Engaging with and representing students can be a challenge for any students’ association, let alone one that operates within multiple AP’s and one centralised body known as Executive Office.

Rather than being despondent about it, and because I had an assignment to do, I decided to research governance more widely. The aim was to look at a way that we as a student association could support our officers and student board members so we could ensure their contributions were impactful.

Rather than assume that research would tell us what to do, consultation happened with elected officers, our staff members within the students’ association based at AP’s, and representatives from each board of management.

That equates to 39 interviews, by the way.

Meetings bloody meetings

Our findings on students’ experiences of meetings were fascinating, and included:

  • A lack of clarity around the role of student board members and how they can contribute effectively to meetings
  • A need for more training and support to help officers understand their role and responsibilities
  • A desire for more opportunities to network and share best practices with other officers and board members
  • A need for more effective communication and engagement between officers and board members, including clearer agendas and more timely distribution of meeting papers
  • A desire for more recognition and appreciation of the work that officers do, and more opportunities to celebrate successes and share achievements.

Meanwhile HISA staff highlighted:

  • A need for more time and resources to support officers and staff in their roles
  • A desire for more training, support, and development opportunities for officers and staff, as well as a standardised process for second student board member recruitment
  • Challenges around officer engagement and attendance, as well as perceptions of HISA officers among board members and staff being fed back informally
  • Challenges around accessing meeting papers and preparing for meetings, as well as uncertainty around how to provide feedback to student voice reps
  • Suggestions for local staff to attend or observe board meetings to better support officers and second student board members, as well as for officers to meet with staff members as impartial advisers prior to meetings.

Providing and asking

The interviews gave the project team and I food for thought on how important support is in terms of providing and asking. That applies to our staff as well.

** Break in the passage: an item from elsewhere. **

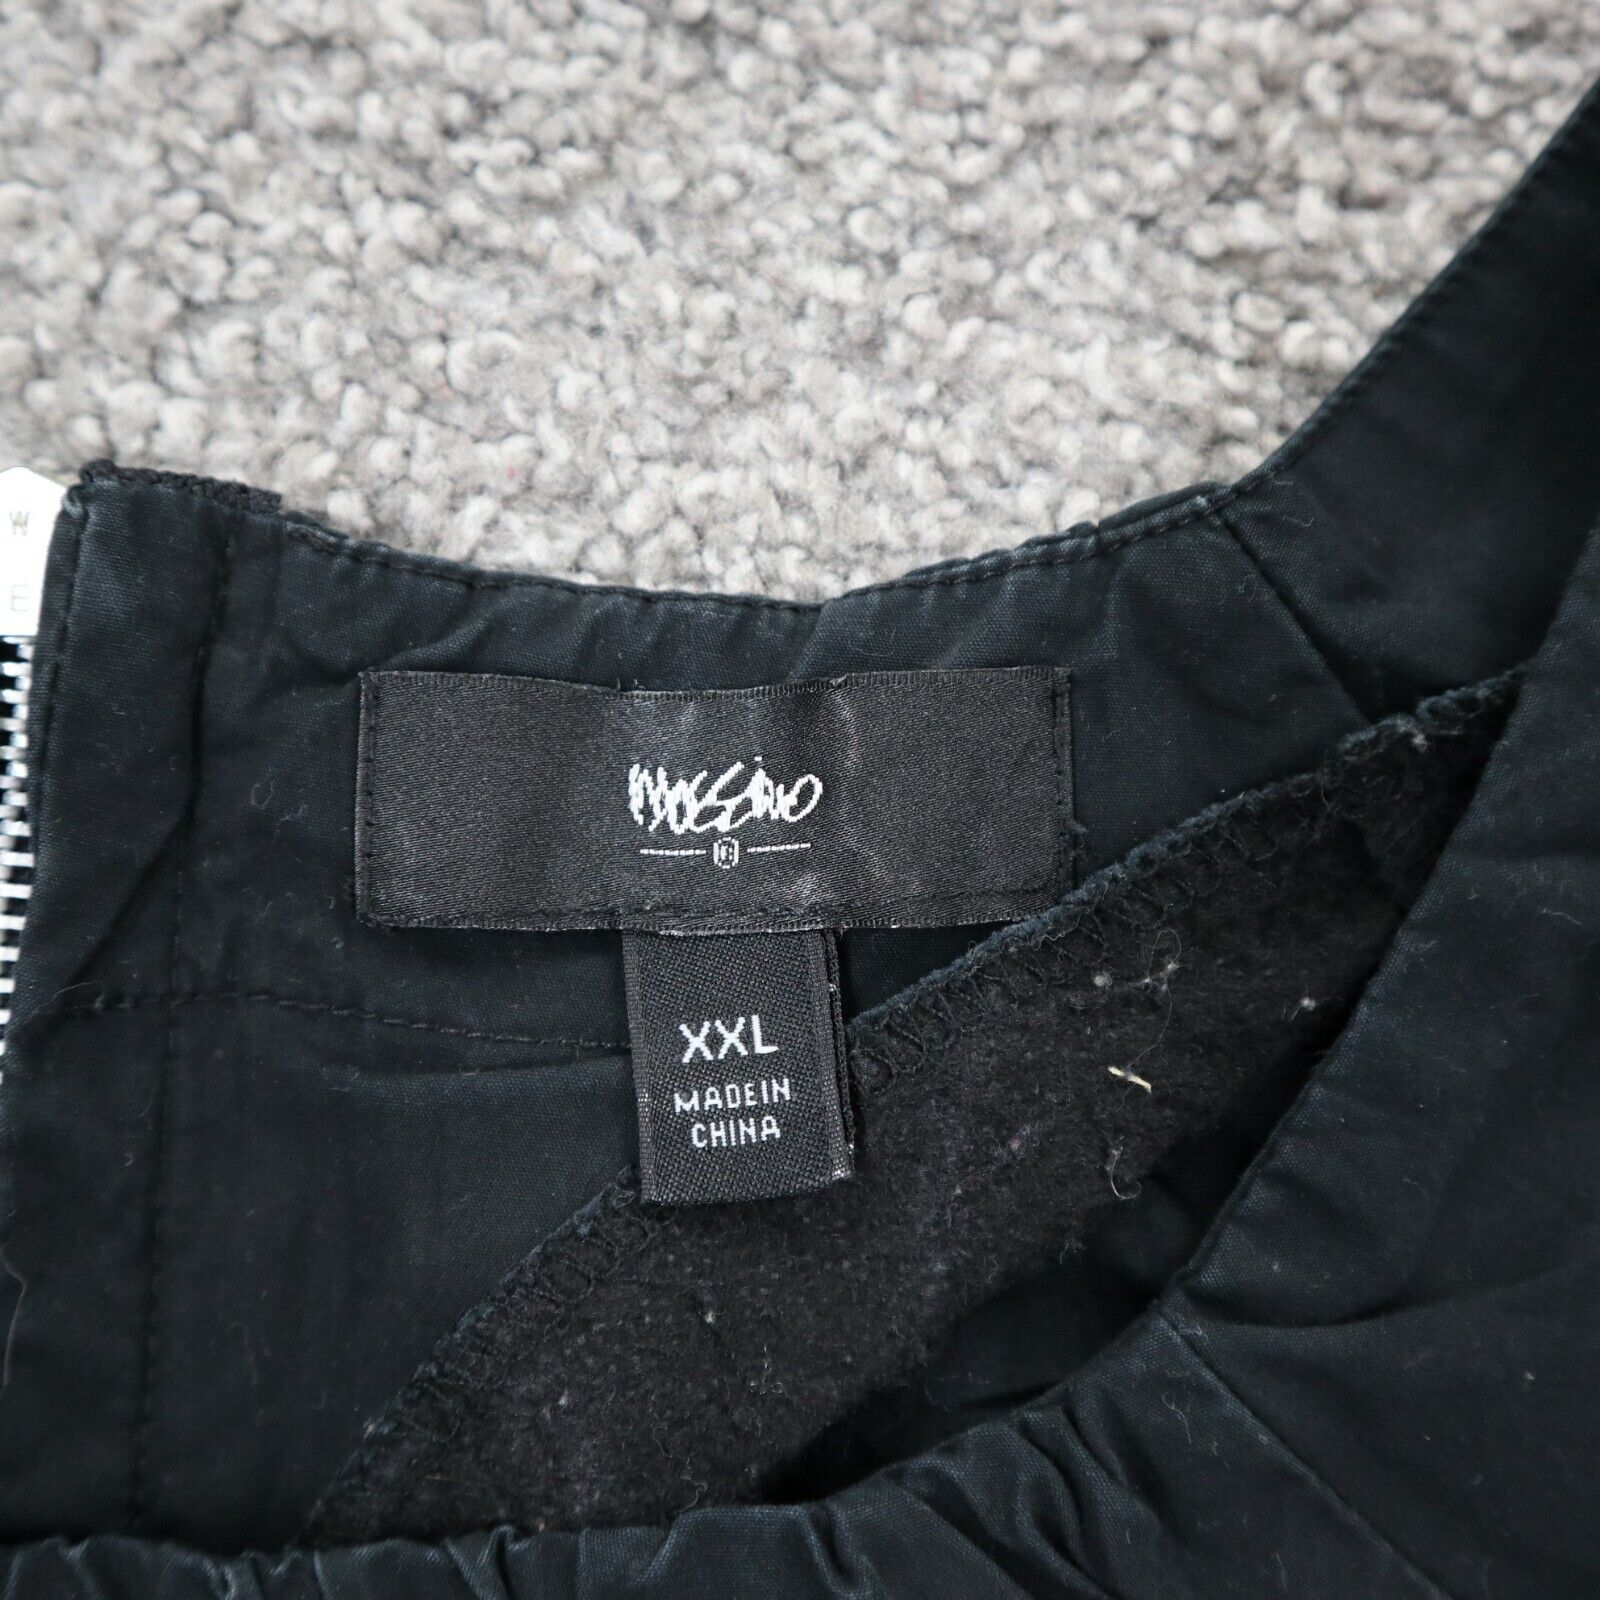 Mossimo Leggings Black Brand New with brand down the side.

As we are a huge student association, and due to the region that we operate in, many of our staff will be new to the movement, so upscaling our staff is a key consideration for us.

It was also quite interesting to see how relationships and expectations on board members helped shape perceptions of their effectiveness – both from HISA and the board of managements’ perspectives.

What came out consistently was the value that was placed on the student voice in these meetings, meaning that at least we can make sure that these AP’s boards are operating within the Code of Good Governance for Scotland’s Colleges.

Our next steps are about creating a consistent framework where each academic partner from HISA could ensure student board members are supported and empowered to be effective member, and amplify the student voice on meetings that help decide how the student experience can be shaped.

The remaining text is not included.